## Task instructions:
Look through the listing for the word "Beach". Copy each line that has it.

## Given data:
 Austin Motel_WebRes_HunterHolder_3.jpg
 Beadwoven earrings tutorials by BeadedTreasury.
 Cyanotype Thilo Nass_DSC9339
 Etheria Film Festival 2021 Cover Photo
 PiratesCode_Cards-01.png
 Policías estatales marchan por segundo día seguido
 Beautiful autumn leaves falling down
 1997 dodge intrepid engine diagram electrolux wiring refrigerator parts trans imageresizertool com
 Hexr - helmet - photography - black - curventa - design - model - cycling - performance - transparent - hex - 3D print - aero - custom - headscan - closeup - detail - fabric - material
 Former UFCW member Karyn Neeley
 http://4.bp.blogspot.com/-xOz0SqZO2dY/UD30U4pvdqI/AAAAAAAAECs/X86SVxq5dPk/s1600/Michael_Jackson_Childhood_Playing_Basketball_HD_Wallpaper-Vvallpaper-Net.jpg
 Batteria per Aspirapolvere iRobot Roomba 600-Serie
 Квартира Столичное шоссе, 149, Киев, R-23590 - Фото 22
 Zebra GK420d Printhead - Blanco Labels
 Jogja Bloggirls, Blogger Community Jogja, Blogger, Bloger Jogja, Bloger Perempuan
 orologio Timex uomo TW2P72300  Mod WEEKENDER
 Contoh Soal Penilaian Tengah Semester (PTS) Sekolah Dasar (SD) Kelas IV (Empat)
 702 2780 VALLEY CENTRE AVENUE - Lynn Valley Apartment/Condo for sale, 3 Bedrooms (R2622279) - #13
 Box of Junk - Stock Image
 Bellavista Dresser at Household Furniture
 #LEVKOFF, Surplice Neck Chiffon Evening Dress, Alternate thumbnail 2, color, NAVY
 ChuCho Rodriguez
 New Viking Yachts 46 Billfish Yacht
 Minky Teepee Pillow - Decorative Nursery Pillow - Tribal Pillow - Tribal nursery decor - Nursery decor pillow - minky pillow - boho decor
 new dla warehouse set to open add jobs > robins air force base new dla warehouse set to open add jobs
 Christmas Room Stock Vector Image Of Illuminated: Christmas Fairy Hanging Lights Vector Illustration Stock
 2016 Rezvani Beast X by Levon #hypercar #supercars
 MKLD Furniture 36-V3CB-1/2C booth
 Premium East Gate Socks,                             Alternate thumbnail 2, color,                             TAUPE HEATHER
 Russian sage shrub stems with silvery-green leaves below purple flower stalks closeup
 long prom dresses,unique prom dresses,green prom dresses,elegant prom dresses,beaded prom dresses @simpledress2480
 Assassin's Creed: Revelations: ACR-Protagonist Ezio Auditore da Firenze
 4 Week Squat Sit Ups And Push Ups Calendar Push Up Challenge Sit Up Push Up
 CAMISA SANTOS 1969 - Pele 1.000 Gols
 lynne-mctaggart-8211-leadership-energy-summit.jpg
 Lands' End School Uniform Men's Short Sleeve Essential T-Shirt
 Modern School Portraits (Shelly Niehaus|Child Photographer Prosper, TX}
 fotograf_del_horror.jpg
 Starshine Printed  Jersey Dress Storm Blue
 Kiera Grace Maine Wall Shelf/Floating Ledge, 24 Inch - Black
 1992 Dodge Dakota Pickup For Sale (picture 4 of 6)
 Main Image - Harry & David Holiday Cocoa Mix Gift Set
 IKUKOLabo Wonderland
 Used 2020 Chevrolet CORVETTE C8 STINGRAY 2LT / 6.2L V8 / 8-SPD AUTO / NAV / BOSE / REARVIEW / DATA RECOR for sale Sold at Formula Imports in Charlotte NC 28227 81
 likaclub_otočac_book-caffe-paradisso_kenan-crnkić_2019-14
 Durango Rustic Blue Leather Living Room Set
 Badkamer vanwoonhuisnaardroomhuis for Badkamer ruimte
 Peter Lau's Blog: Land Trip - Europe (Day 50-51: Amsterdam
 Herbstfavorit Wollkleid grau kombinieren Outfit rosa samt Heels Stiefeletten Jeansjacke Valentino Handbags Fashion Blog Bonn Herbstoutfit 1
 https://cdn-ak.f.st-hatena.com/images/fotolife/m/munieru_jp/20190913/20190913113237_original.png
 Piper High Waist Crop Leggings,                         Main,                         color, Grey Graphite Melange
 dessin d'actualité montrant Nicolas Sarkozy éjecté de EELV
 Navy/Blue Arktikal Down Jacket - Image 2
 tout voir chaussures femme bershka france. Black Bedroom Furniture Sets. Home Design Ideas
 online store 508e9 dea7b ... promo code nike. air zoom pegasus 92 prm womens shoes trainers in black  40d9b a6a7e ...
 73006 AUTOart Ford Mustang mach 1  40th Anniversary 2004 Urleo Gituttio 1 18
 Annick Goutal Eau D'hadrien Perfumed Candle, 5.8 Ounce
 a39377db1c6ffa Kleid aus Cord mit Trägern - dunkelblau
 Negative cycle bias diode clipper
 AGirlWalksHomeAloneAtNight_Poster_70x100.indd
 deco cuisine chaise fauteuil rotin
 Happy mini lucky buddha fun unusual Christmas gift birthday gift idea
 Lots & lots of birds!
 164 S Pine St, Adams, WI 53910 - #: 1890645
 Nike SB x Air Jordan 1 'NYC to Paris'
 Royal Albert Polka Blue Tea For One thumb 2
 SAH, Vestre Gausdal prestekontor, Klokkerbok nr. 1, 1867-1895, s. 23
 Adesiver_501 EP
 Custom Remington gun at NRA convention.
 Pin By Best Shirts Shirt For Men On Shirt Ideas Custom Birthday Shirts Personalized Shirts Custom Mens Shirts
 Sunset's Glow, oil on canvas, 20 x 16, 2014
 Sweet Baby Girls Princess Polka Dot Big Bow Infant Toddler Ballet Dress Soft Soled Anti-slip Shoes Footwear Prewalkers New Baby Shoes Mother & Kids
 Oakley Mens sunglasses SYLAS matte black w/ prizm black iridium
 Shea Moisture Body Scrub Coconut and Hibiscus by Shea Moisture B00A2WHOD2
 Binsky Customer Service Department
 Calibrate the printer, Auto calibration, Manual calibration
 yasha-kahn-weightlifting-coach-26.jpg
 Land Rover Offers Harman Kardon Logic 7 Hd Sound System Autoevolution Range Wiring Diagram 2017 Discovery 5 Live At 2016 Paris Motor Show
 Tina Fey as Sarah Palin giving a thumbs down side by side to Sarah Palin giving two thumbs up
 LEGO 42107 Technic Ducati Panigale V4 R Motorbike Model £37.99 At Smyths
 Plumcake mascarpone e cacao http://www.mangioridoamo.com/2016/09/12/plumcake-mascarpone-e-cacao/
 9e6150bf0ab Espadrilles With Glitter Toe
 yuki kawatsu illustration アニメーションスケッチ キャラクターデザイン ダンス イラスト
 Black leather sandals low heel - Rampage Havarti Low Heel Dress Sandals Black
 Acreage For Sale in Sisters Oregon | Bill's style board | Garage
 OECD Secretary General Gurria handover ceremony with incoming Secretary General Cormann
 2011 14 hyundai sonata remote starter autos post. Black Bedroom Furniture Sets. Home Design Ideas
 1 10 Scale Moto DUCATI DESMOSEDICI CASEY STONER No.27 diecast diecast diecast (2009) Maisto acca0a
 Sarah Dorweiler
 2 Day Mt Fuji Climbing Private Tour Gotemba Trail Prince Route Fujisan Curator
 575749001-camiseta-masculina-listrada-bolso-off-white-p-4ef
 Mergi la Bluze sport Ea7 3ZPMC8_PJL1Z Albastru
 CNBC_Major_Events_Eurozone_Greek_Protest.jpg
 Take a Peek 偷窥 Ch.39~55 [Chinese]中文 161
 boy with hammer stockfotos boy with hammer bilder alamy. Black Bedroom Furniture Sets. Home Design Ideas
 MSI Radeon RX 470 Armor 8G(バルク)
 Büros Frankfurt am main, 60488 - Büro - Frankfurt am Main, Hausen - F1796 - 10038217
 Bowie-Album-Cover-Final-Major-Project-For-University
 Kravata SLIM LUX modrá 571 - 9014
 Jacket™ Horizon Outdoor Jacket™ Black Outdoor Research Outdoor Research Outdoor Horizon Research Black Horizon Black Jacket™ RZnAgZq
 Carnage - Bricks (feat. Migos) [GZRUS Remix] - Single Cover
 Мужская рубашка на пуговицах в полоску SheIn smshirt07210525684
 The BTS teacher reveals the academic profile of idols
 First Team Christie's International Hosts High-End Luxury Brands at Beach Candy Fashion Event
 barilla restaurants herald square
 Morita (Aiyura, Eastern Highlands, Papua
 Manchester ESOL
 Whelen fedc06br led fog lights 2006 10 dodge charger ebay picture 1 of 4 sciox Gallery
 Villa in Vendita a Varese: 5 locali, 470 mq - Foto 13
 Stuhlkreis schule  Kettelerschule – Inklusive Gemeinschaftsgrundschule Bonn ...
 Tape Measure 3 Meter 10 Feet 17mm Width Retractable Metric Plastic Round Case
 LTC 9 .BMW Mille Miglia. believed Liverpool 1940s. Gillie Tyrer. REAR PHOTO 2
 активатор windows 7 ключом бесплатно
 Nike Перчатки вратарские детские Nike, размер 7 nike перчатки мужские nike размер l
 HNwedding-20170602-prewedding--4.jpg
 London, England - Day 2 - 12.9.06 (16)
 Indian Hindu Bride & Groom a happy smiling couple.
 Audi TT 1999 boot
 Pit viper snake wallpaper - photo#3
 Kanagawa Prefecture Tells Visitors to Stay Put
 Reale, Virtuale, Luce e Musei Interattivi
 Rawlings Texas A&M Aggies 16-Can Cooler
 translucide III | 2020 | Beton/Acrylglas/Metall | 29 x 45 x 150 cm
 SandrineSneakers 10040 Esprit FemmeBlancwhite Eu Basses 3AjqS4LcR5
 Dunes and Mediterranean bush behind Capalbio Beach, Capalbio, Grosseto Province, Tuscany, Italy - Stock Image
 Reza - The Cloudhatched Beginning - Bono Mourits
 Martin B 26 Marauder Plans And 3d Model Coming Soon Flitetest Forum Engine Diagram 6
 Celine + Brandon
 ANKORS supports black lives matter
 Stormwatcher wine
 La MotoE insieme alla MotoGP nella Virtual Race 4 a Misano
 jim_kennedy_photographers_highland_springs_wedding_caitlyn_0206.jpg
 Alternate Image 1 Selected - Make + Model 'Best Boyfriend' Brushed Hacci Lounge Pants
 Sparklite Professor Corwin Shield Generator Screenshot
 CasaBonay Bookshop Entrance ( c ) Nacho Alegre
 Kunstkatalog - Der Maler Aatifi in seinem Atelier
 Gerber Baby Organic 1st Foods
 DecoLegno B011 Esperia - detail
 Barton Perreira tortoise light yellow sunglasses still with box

## Exercise result:
 First Team Christie's International Hosts High-End Luxury Brands at Beach Candy Fashion Event
 Dunes and Mediterranean bush behind Capalbio Beach, Capalbio, Grosseto Province, Tuscany, Italy - Stock Image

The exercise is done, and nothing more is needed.